While I was still teaching, I spent several summers living in a 15th-century building on the grounds of St. John's College in Oxford, England. Oliver Cromwell had a long-standing connection to that college, and his ghost was said to haunt the building in which the library was located. College legend insisted that at night Cromwell's ghost used his severed head to go bowling in the attic above the library. Both students and faculty reported hearing the rattling as the head rolled across the attic floor. Did I ever see or hear Cromwell? No, but to be fair, the dragon-lady librarian had quit allowing anyone in the library at night. But did I believe the stories? Sure. Why not? Certainly something of his spirit lingered in those ancient halls. When my research interests switched to America's Civil War and coastal South Carolina, I discovered that I had landed in another hotbed of ghosts and ghost stories.
 An old woman, Zoe St. Amand, haunts Poogan's Porch, a delightful
Charleston restaurant on Queen Street. She and her sister lived in the
house where the restaurant is now located, but when her sister died, Zoe went mad and roamed the house
calling for her sister. She eventually had to be committed to a care
facility but "never really left the house", so the legend says
More than one waitress has met her. One declared that when she was there late at night working on the books and singing to herself, Zoe would come up behind her and sing along with her.
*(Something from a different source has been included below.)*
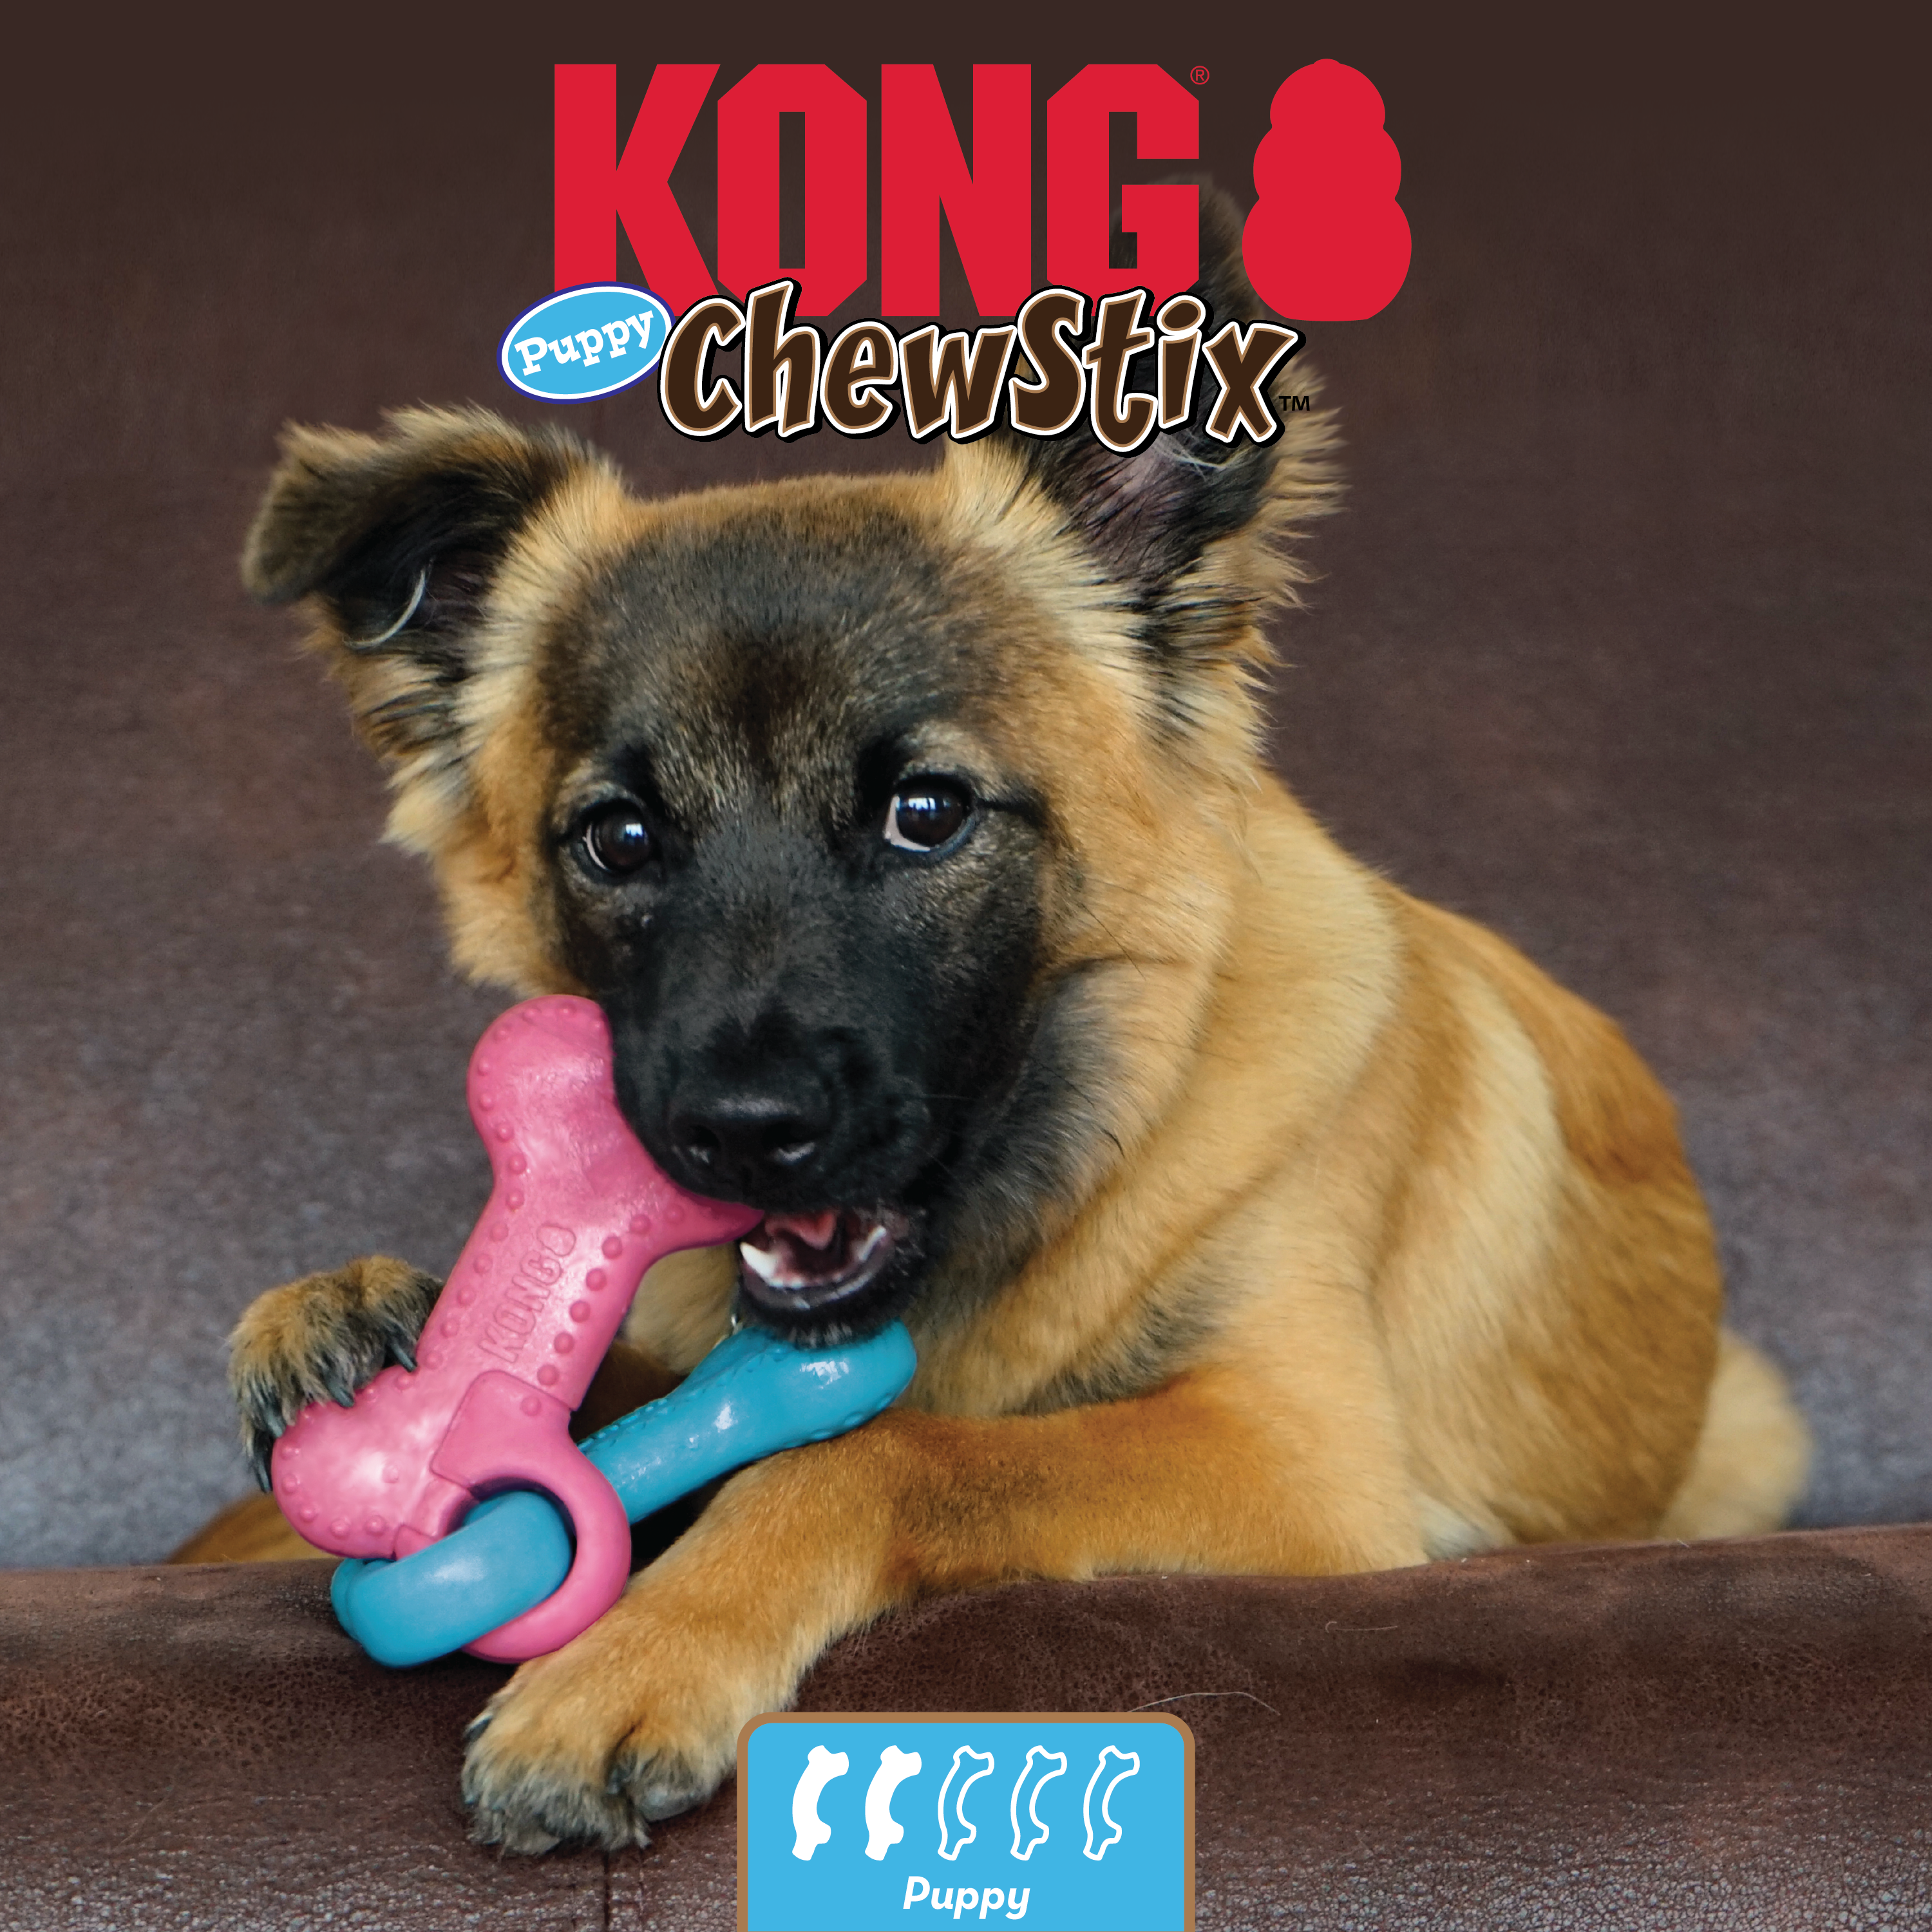 ChewStix Puppy Link Bone estilo de vida imagen de producto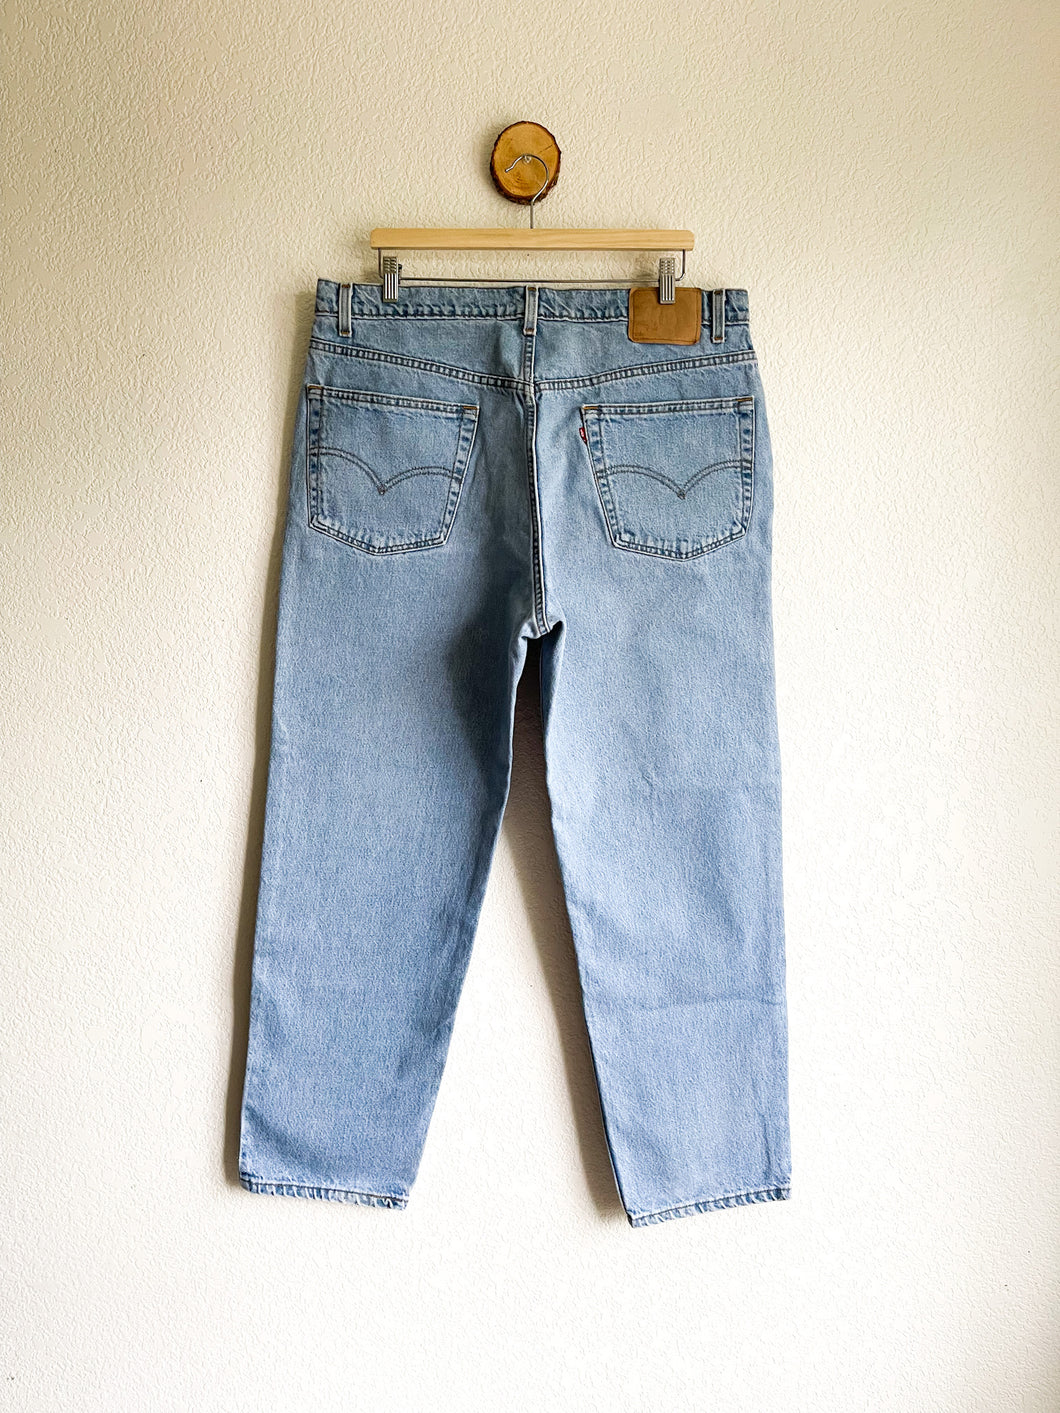 Vintage Levi's 550 Jeans - 38

It's easy to understand why
servers who have heard the story believe they see her now and then.
But
when a tourist, entirely new to Charleston, looks out his window in the
Mills House Hotel, sees this old woman waving from an upstairs window
just across the street, and calls police to report that a woman is being
held captive at Poogan's Porch -- then even doubters begin to believe.
Here's the view from the Mills House on a spooky night. What do you
think? Can Zoe still be hunting her dead sister? Or is he whole thing a
publicity stunt to attract customers?